**ASSIGNED TASK**
Go through the data below and repeat it exactly, skipping each picture.

**SOURCE DATA**
== == ==

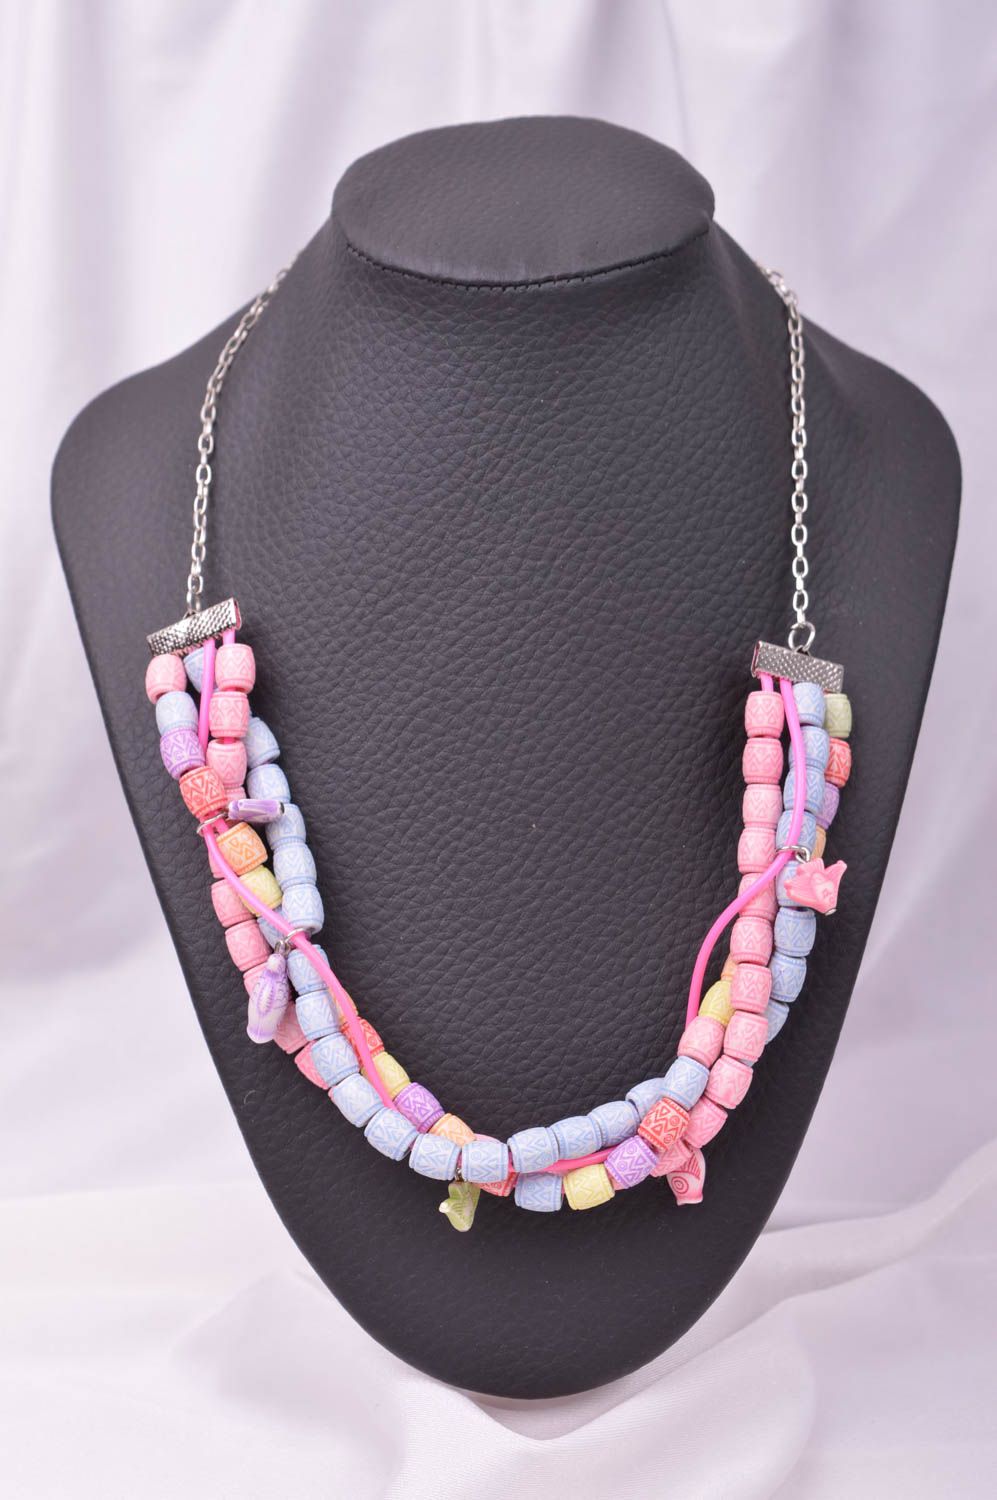 Unusual handmade necklace plastic necklace design costume jewelry gift ideas photo 1
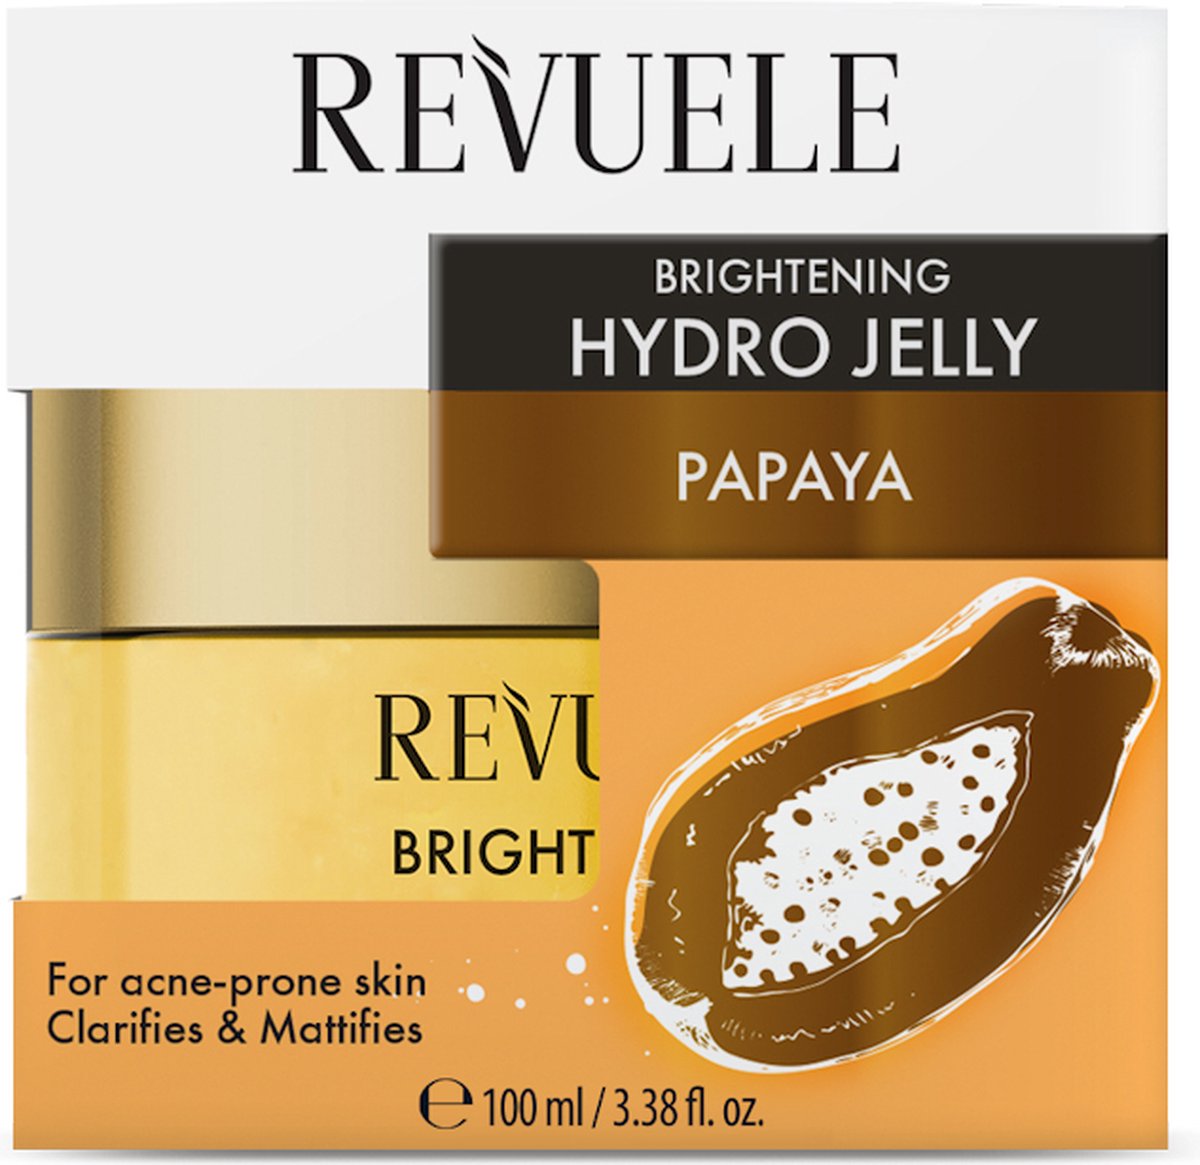 Revuele Brightening Hydro Jelly Papaya 100ml.
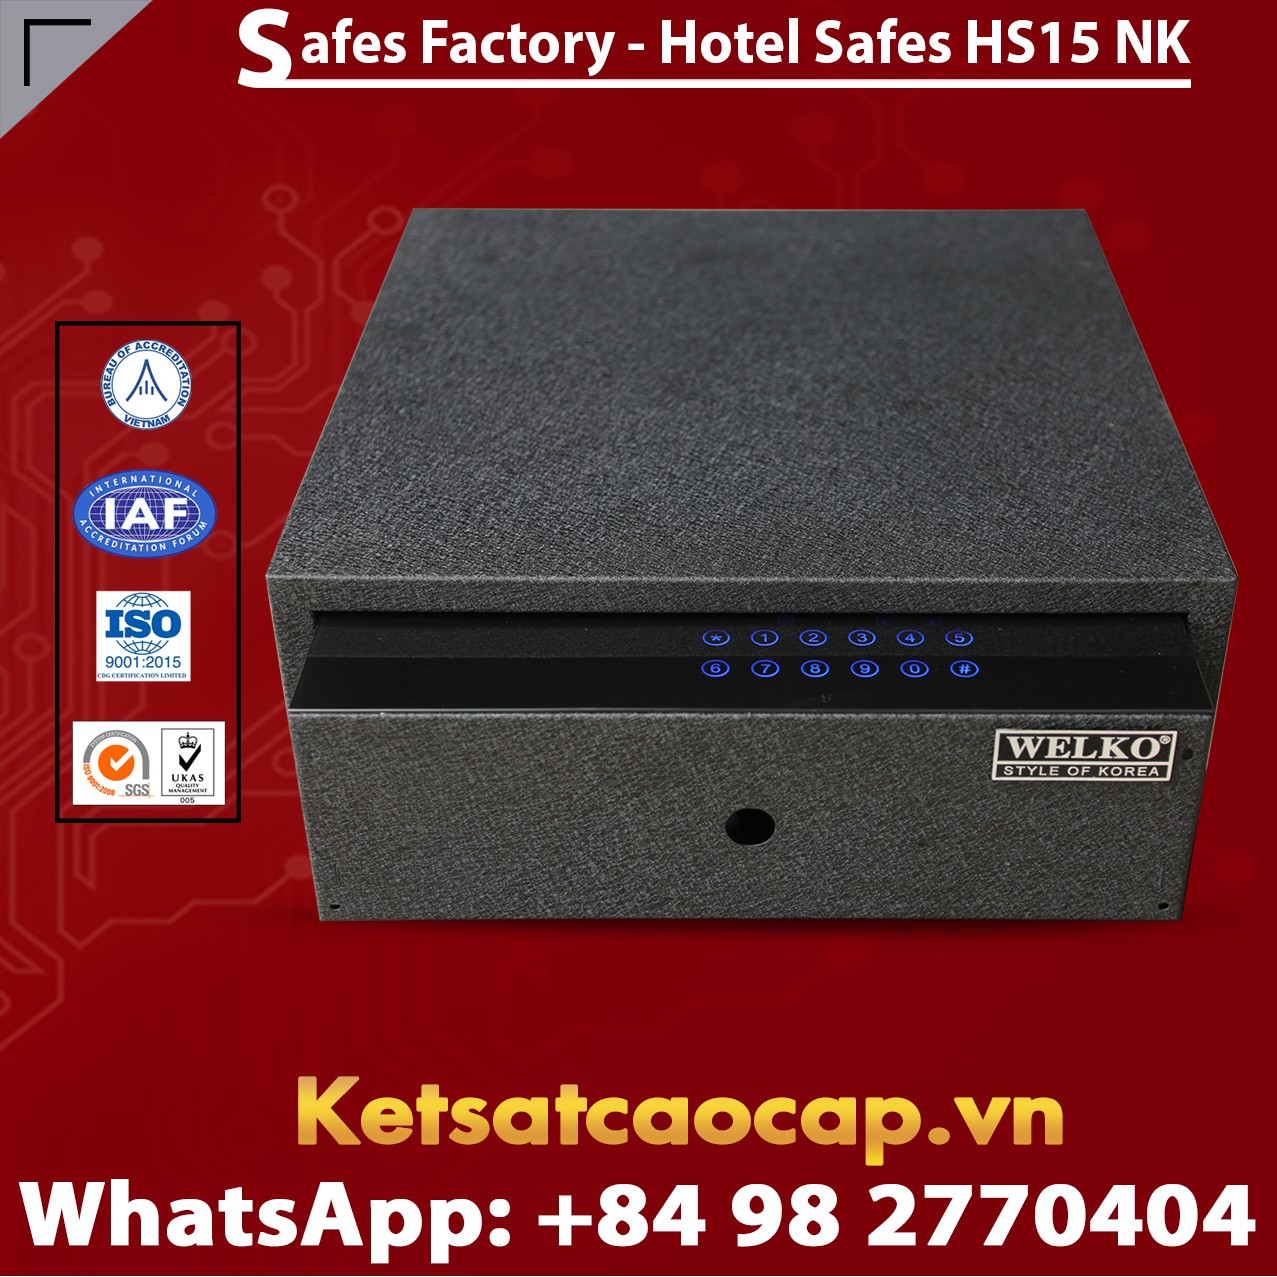 Hotel Safe Brands WELKO HS15 NK

== == ==

**ANSWER SECTION**
 Unusual handmade necklace plastic necklace design costume jewelry gift ideas photo 1
 Revuele Brightening Hydro Jelly Papaya 100ml.
 Hotel Safe Brands WELKO HS15 NK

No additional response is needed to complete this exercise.